Blueprint: Proof of Rudin's exponential inequality

blueprint/src/chang.tex

@@ -14,11 +14,31 @@ \chapter{Chang's lemma}
 \uses{dissociated}
 \lean{rudin_exp_ineq}
 \leanok
-If the discrete Fourier transform of $f : G \longrightarrow \C$ has dissociated support, then $\E \exp|\Re f| \le \exp(\frac{\norm f_2^2} 2)$.
+If the discrete Fourier transform of $f : G \longrightarrow \C$ has dissociated support, then $\E \exp(\Re f) \le \exp(\frac{\norm f_2^2} 2)$.
 \end{lemma}
 \begin{proof}
 \uses{mzi_complex}
-TODO(Thomas): Write proof
+Using the convexity of $t\mapsto e^{tx}$ (for all $x\geq 0$ and $t\in[-1,1]$) we have
+\[e^{tx}\leq \cosh(x)+t\sinh(x).\]
+It follows (taking $x=\lvert z\rvert$ and $t=\Re(z)/\lvert z\rvert$) that, for any $z\in \mathbb{C}$,
+\[e^{\Re z}\leq \cosh(\lvert z\rvert)+\Re(z/\lvert z\rvert)\sinh(\lvert z\rvert).\]
+In particular, if $c_\gamma\in \mathbb{C}$ with $\lvert c_\gamma\rvert=1$ is such that $\widehat{f}(\gamma)=c_\gamma\lvert \widehat{f}(\gamma)\rvert$, then
+\begin{align*}
+e^{\Re f(x)}
+&= \exp\left( \Re \sum_{\gamma\in\Gamma}\widehat{f}(\gamma)\gamma(x)\right)\\
+&=\prod_{\gamma\in \Gamma} \exp\left( \Re \widehat{f}(\gamma)\gamma(x)\right)\\
+&\leq \prod_{\gamma\in \Gamma}\left( \cosh(\lvert \widehat{f}(\gamma)\rvert)+\Re c_\gamma \gamma(x)\sinh(\lvert \widehat{f}(\gamma))\right).
+\end{align*}
+Therefore
+\[\mathbb{E}_x e^{\Re f(x)}\leq \mathbb{E}_x \left( \cosh(\lvert \widehat{f}(\gamma)\rvert)+\Re c_\gamma \gamma(x)\sinh(\lvert \widehat{f}(\gamma))\right).\]
+Using $\Re z=(z+\overline{z})/2$ the product here can be expanded as the sum of
+\[\prod_{\gamma\in \Gamma_2}\frac{c_\gamma}{2}\prod_{\gamma\in \Gamma_3}\frac{\overline{c_\gamma}}{2}\left(\prod_{\gamma\in \Gamma_1}\cosh(\lvert \widehat{f}(\gamma)\rvert)\right)\left(\prod_{\gamma\in \Gamma_2\cup\Gamma_3}\sinh(\lvert \widehat{f}(\gamma)\rvert)\right)\left(\sum_{\gamma\in \Gamma_2}\gamma-\sum_{\lambda\in \Gamma_3}\lambda\right)(x)\]

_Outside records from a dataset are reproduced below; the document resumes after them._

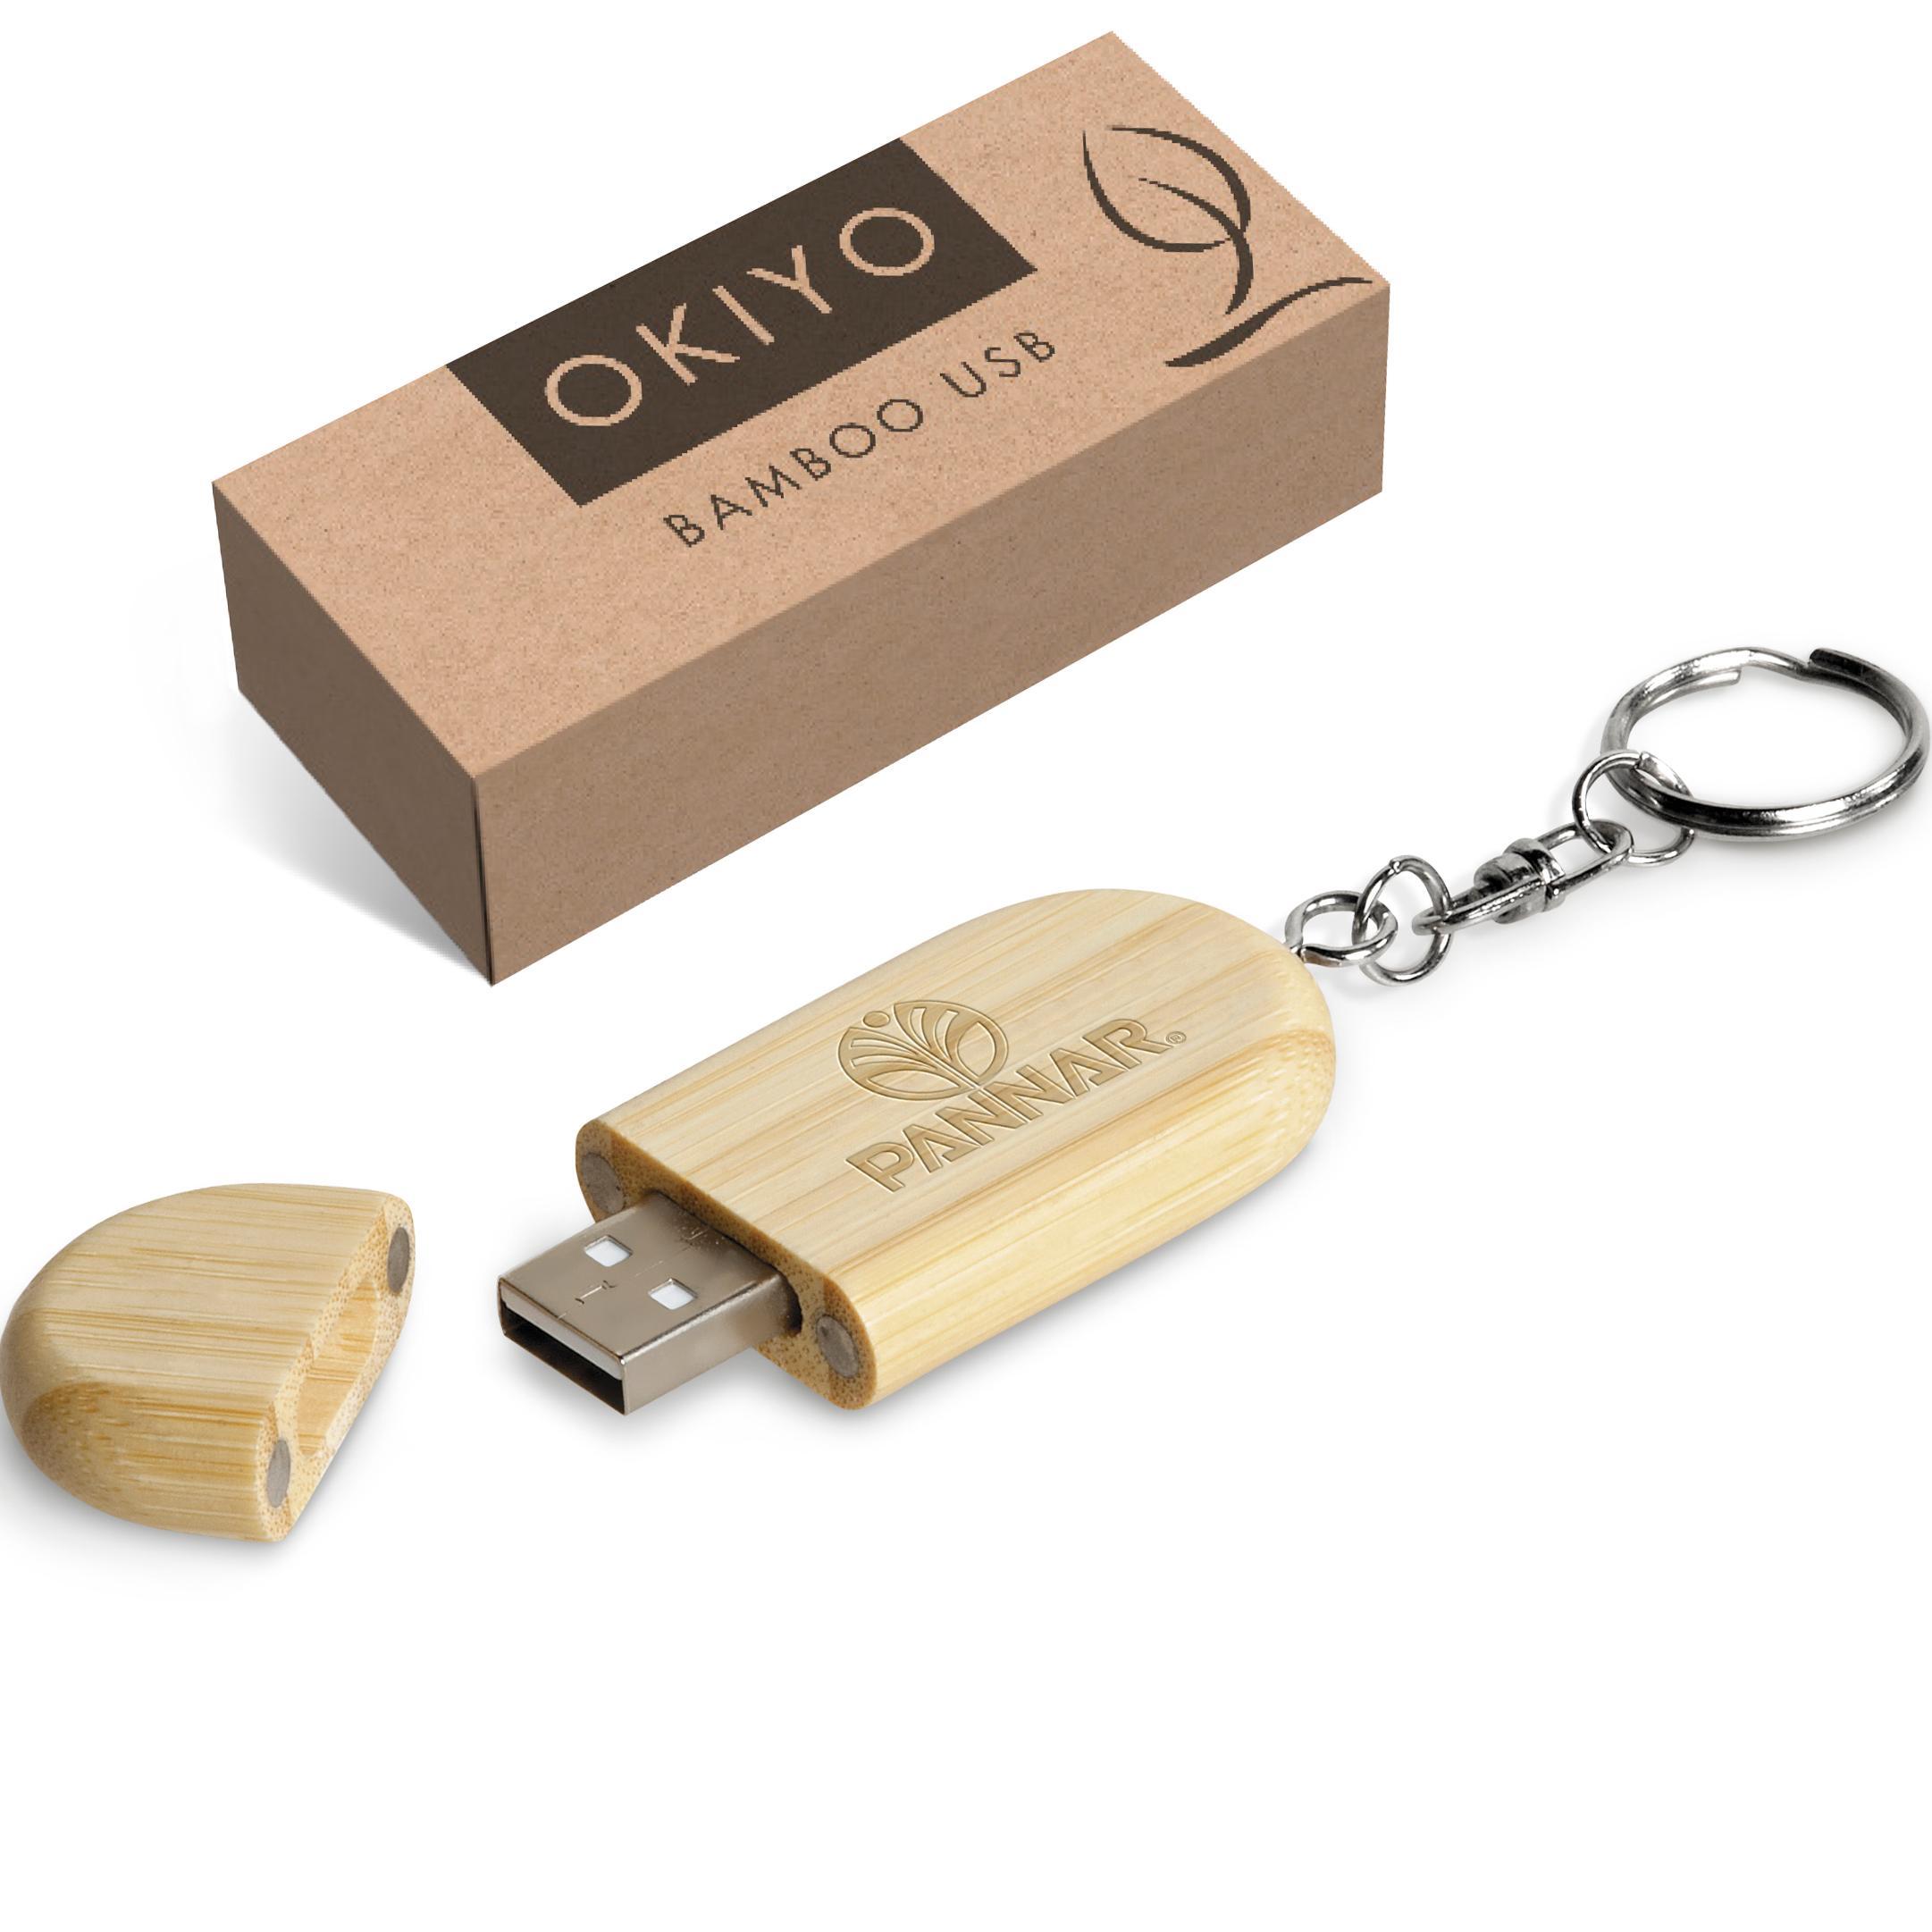 Okiyo Benkyou Bamboo Memory Stick - 8gb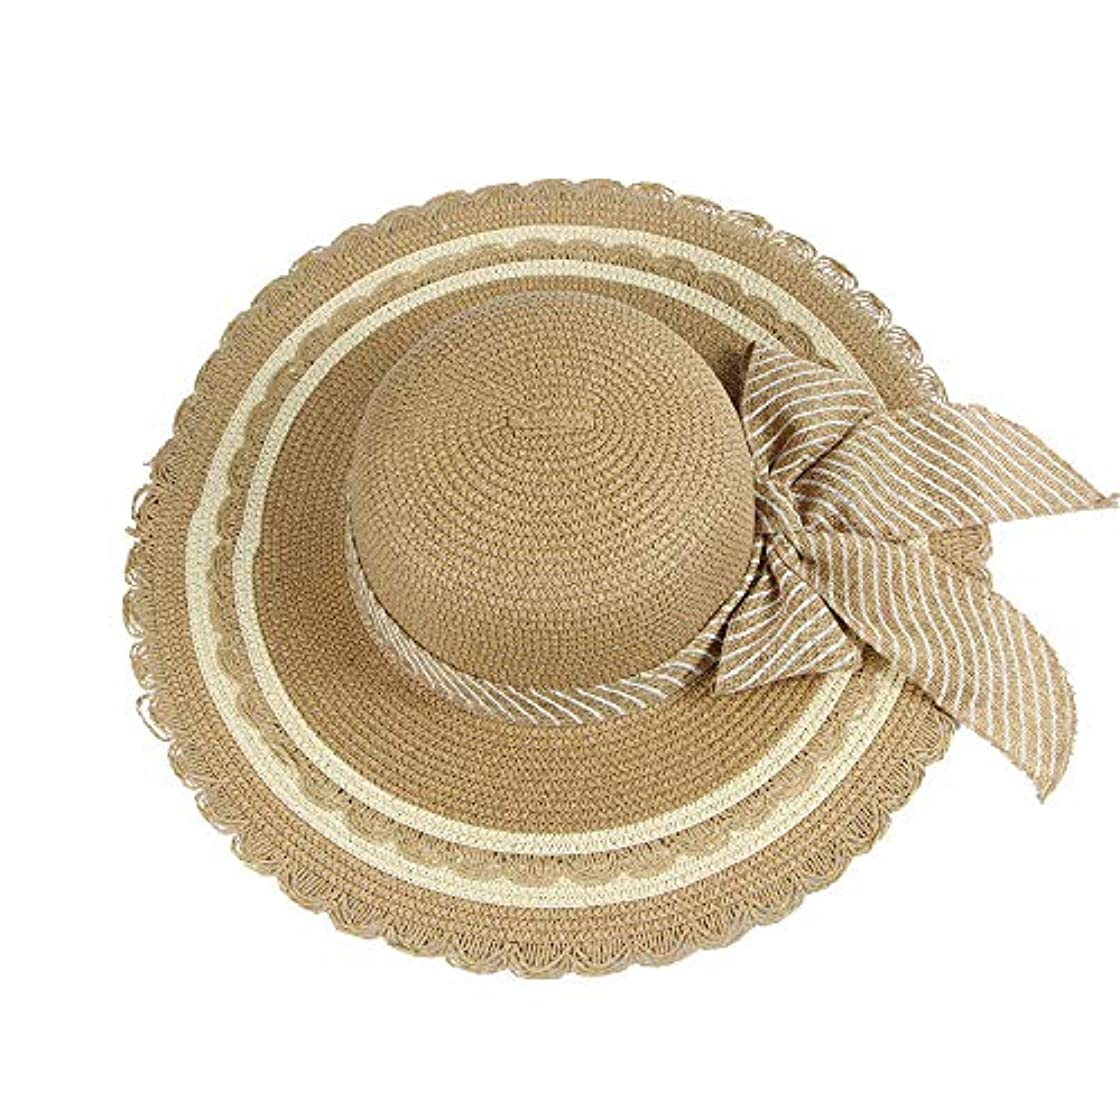 強盗系統的親帽子 レディース UVカット 帽子 麦わら帽子 UV帽子 紫外線対策 折りたたみ つば広 ワイヤ入り uvカット帽子 春夏 レディース 通気性 ニット帽 マニュアル キャップ レディース 大きいサイズ ROSE ROMAN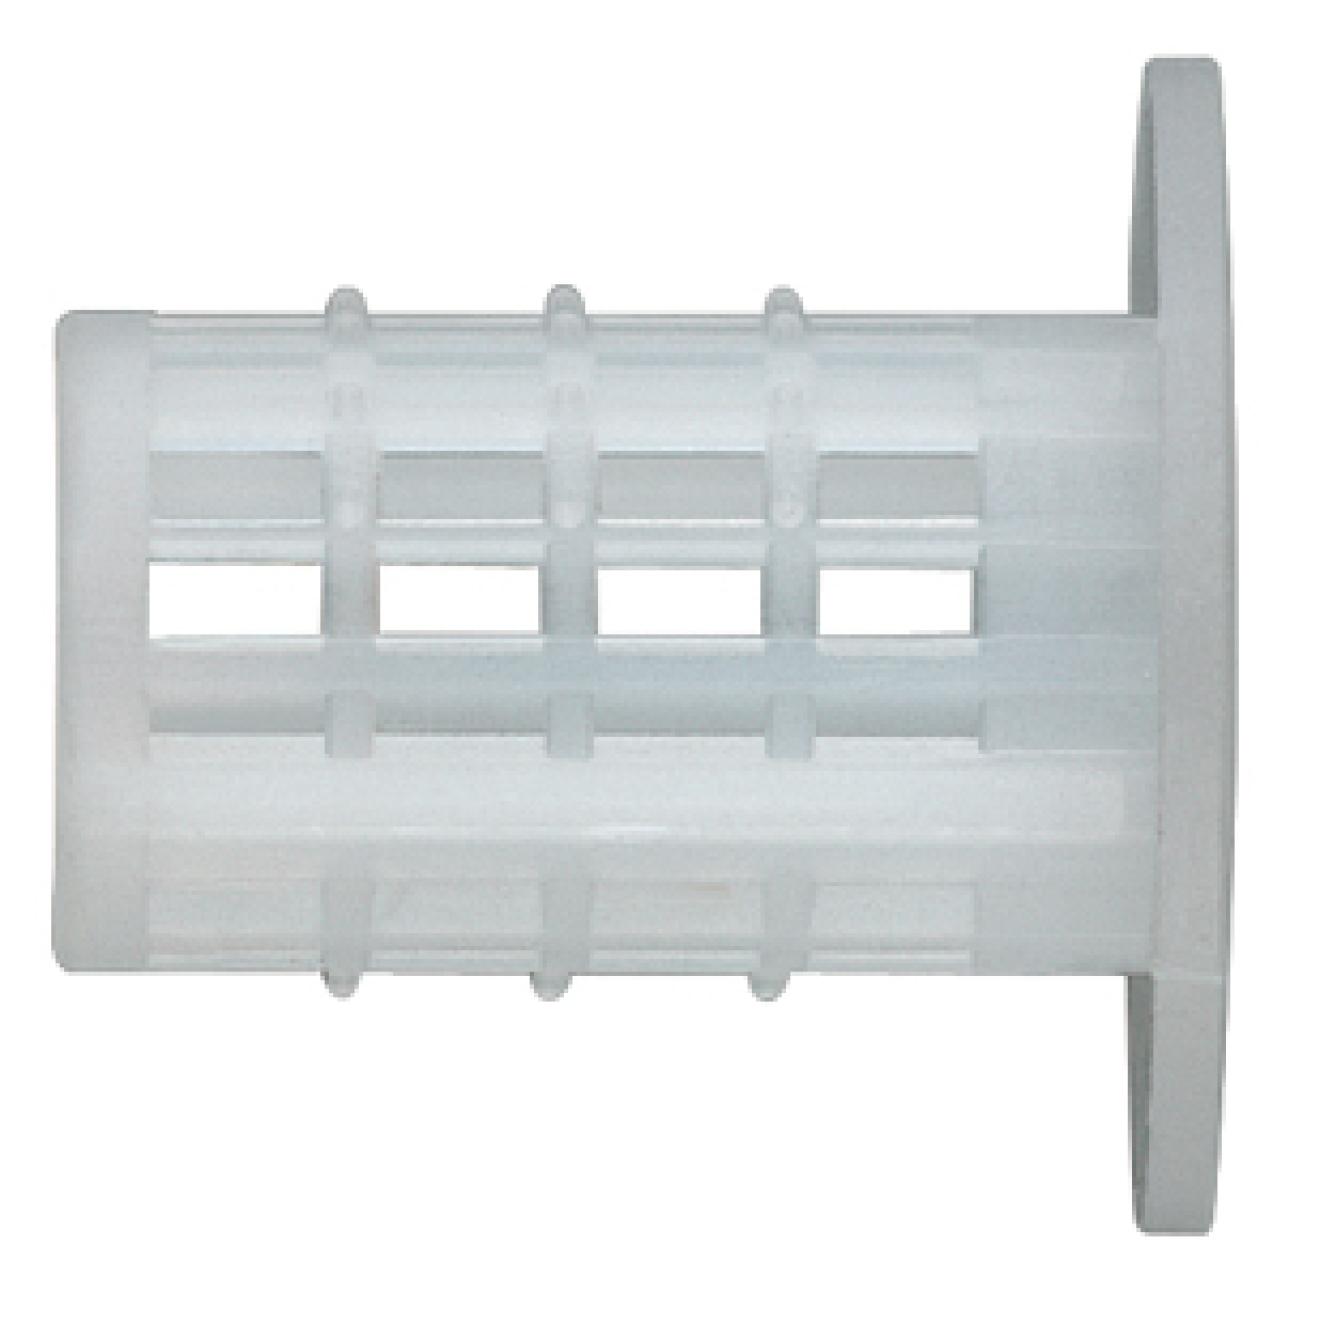 fischer injectionstechnik f porenbeton zentriert lle pbz 10 st ck schrauben g nstige. Black Bedroom Furniture Sets. Home Design Ideas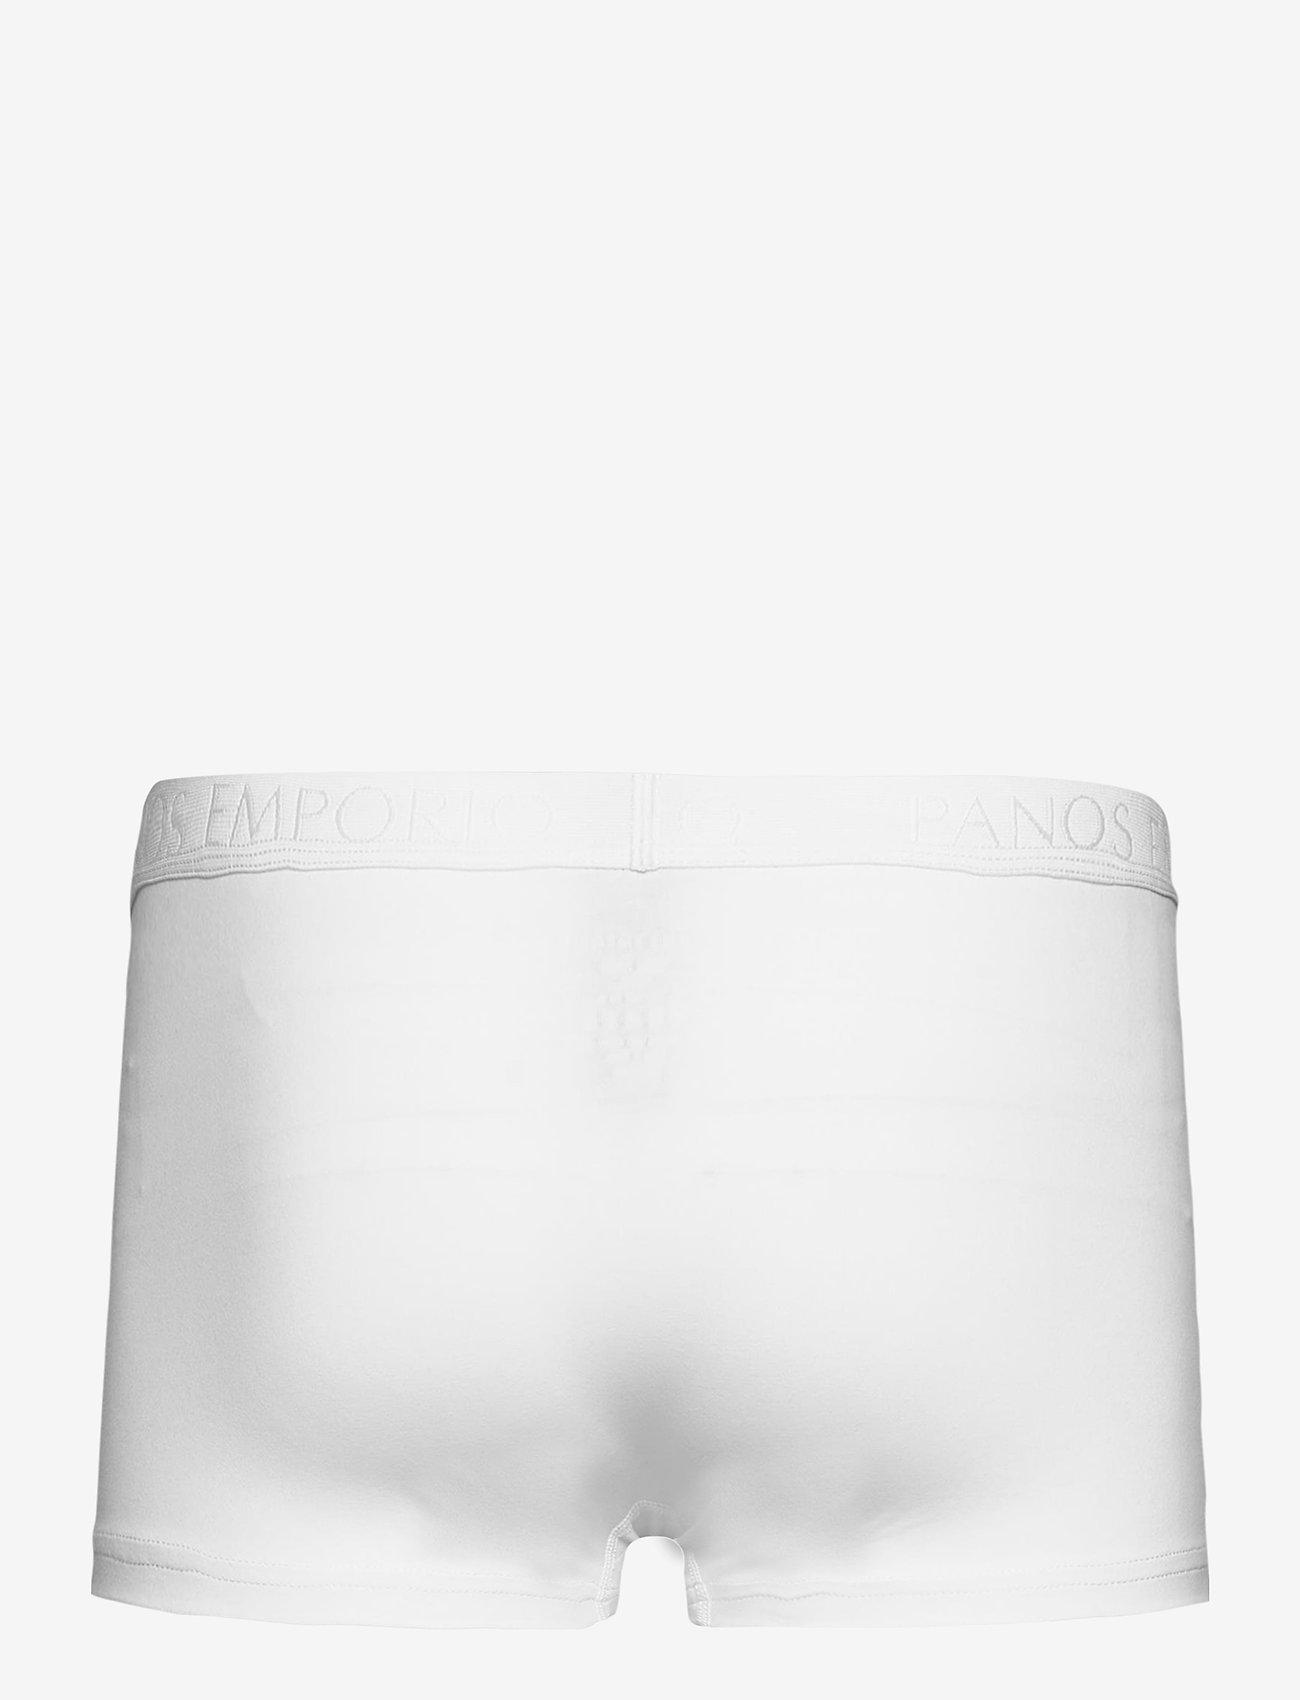 Panos Emporio - PANOS EMPORIO ORGANIC COTTON TRUNK - caleçon - white - 2

+as $\Gamma_1\sqcup \Gamma_2\sqcup \Gamma_3=\Gamma$ ranges over all partitions of $\Gamma$ into three disjoint parts. Using the definition of dissociativity we see that
+\[\sum_{\gamma\in \Gamma_2}\gamma-\sum_{\lambda\in \Gamma_3}\lambda\neq 0\]
+unless $\Gamma_2=\Gamma_2=\emptyset$. In particular summing this term over all $x\in G$ gives $0$. Therefore the only term that survives averaging over $x$ is when $\Gamma_1=\Gamma$, and so
+\[\mathbb{E}_x e^{\Re f(x)}\leq \prod_{\gamma\in \Gamma} \cosh (\lvert \widehat{f}(\gamma)\rvert).\]
+The conclusion now follows using $\cosh(x) \leq e^{x^2/2}$ and $\sum_{\gamma\in \Gamma}\lvert \widehat{f}(\gamma)\rvert^2=\| f\|_2^2$. The second conclusion follows by applying it to $f(x)$ and $-f(x)$ and using
+\[e^{\abs{y}}\leq e^y+e^{-y}.\]
 \end{proof}